I compared the output from the two approaches using rfsrc() and gbm() in R respectively. The important factors given in the output from the two approaches are totally different.

Since the importance of factors in gradient boost depends on the order of the trees, are they somewhat arbitrary? How do we interpret the important influencers from gbm()?

hehe
  • 347
  • 2
  • 9
  • Even though random forest uses decision trees, and gradient boosting typically uses decision trees, the models themselves are estimated using completely different procedures. Why would you expect two different procedures to produce the same result? – Sycorax Apr 07 '21 at 15:06
  • I would think the importance of a predictor should be relatively robust to the model, especially if it is a strong predictor. The important influencers provided by gbm() are quite unexpected. – hehe Apr 07 '21 at 15:26
  • But the measurement of the strength/weakness of a predictor depends on the model. Would you expect a linear regression and a decision tree to find the same strong predictors? Why or why not? – Sycorax Apr 07 '21 at 15:37
  • To see how the principles noted by @Sycorax apply in your case, please provide a lot more details about the modeling processes: how large a data set, how many predictors, collinearity among predictors, the depths of interactions allowed, other critical parameter settings for training the models, and whether the important predictors returned by one model might have been correlated with those returned by the other model. – EdM Apr 07 '21 at 16:32
  • Thanks. Since the question is closed due to repetition, I will not add onto that. It might be due to the correlation among predictors.

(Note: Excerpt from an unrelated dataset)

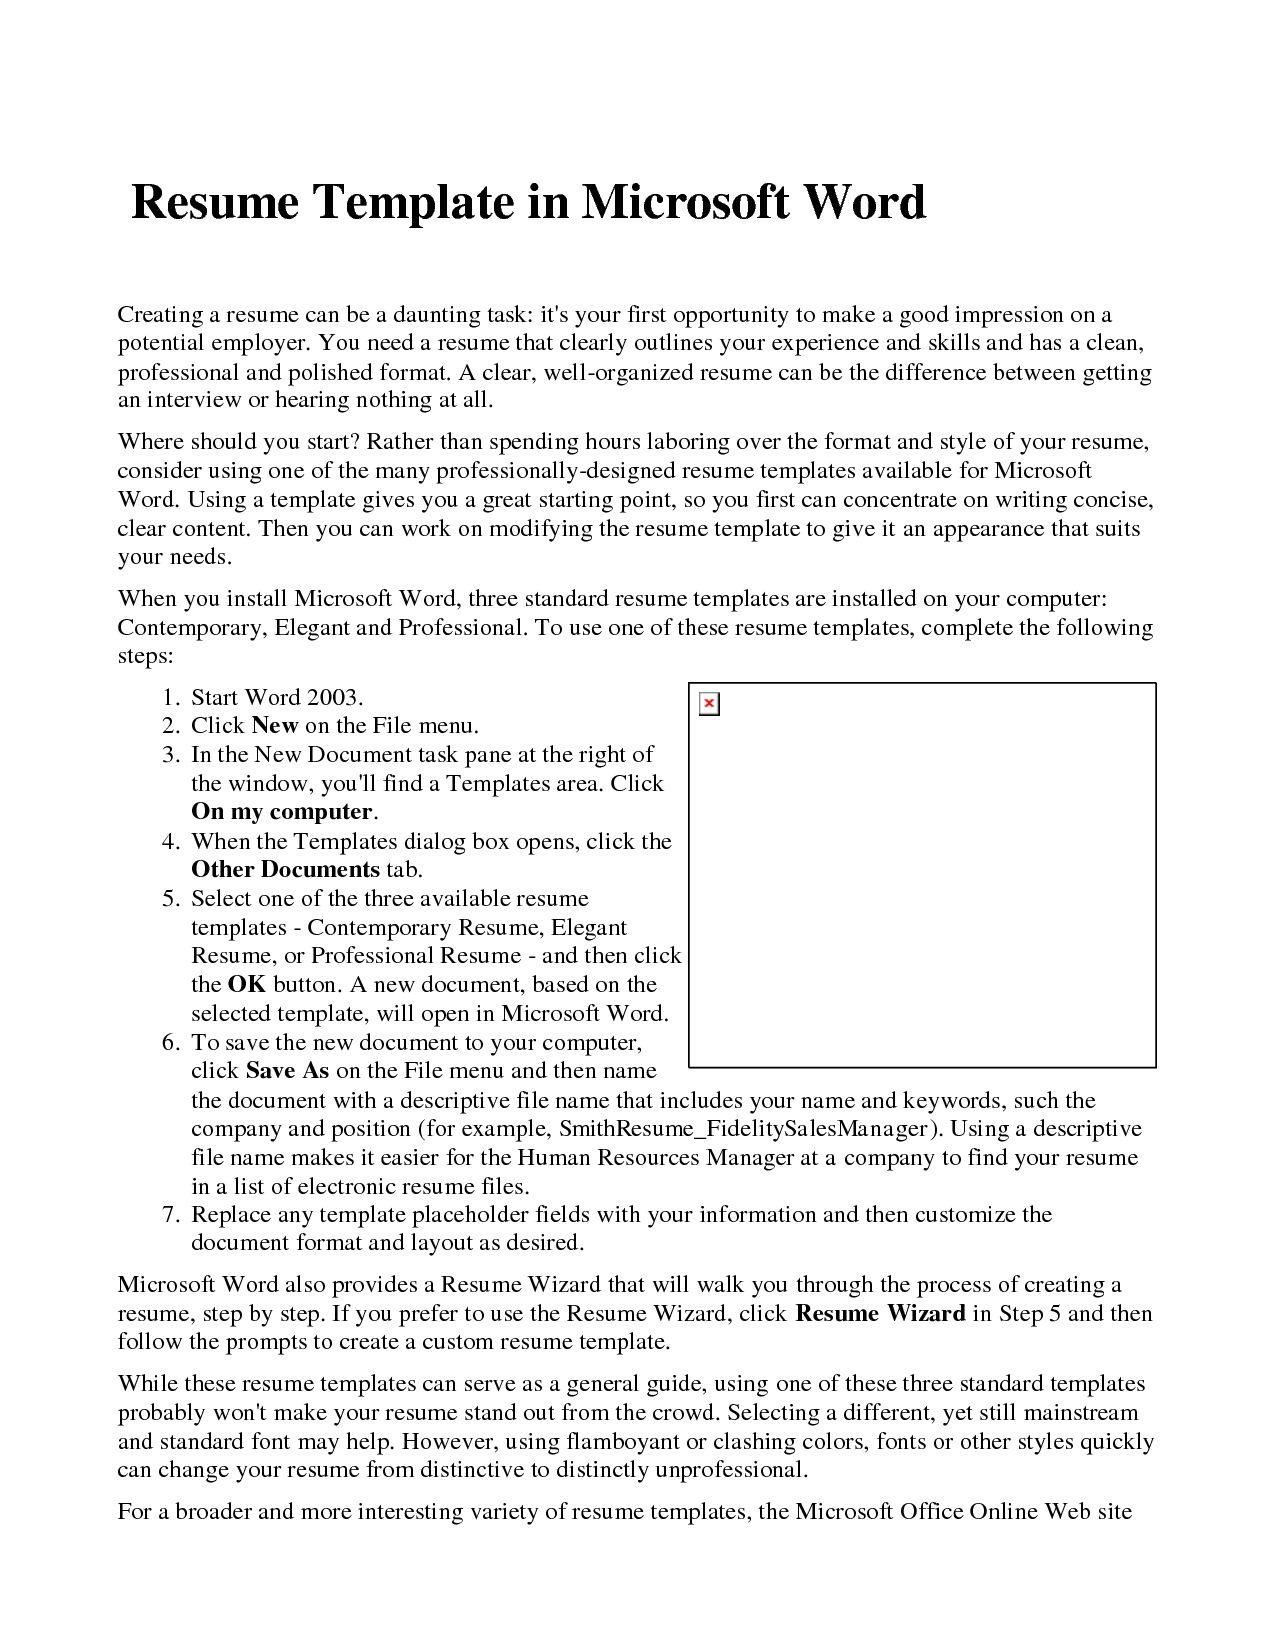 Vistoso Plantilla De Currículum Vitae Microsoft Word 2003 Ornamento ...

Based on answer to the other similar question, sounds like the important factors returned by gradient boosting is quite arbitrary depending on which feature is selected first in the modeling process. Is the ranking of the important factors really meaningful in this case? or should we just focus on the prediction? – hehe Apr 08 '21 at 18:01
  • 1
    @hehe I’ve posted some of my thoughts [here](https://stats.stackexchange.com/a/202853/28500) a few years ago. – EdM Apr 09 '21 at 03:08
  • @EdM thanks again. this looks complicated. I will think about it. – hehe Apr 09 '21 at 03:29

1 Answers1

1

Whether or not the importances of gradient boosting are strongly influenced by randomness depends on the hyper-parameter configuration of the gradient boosting model.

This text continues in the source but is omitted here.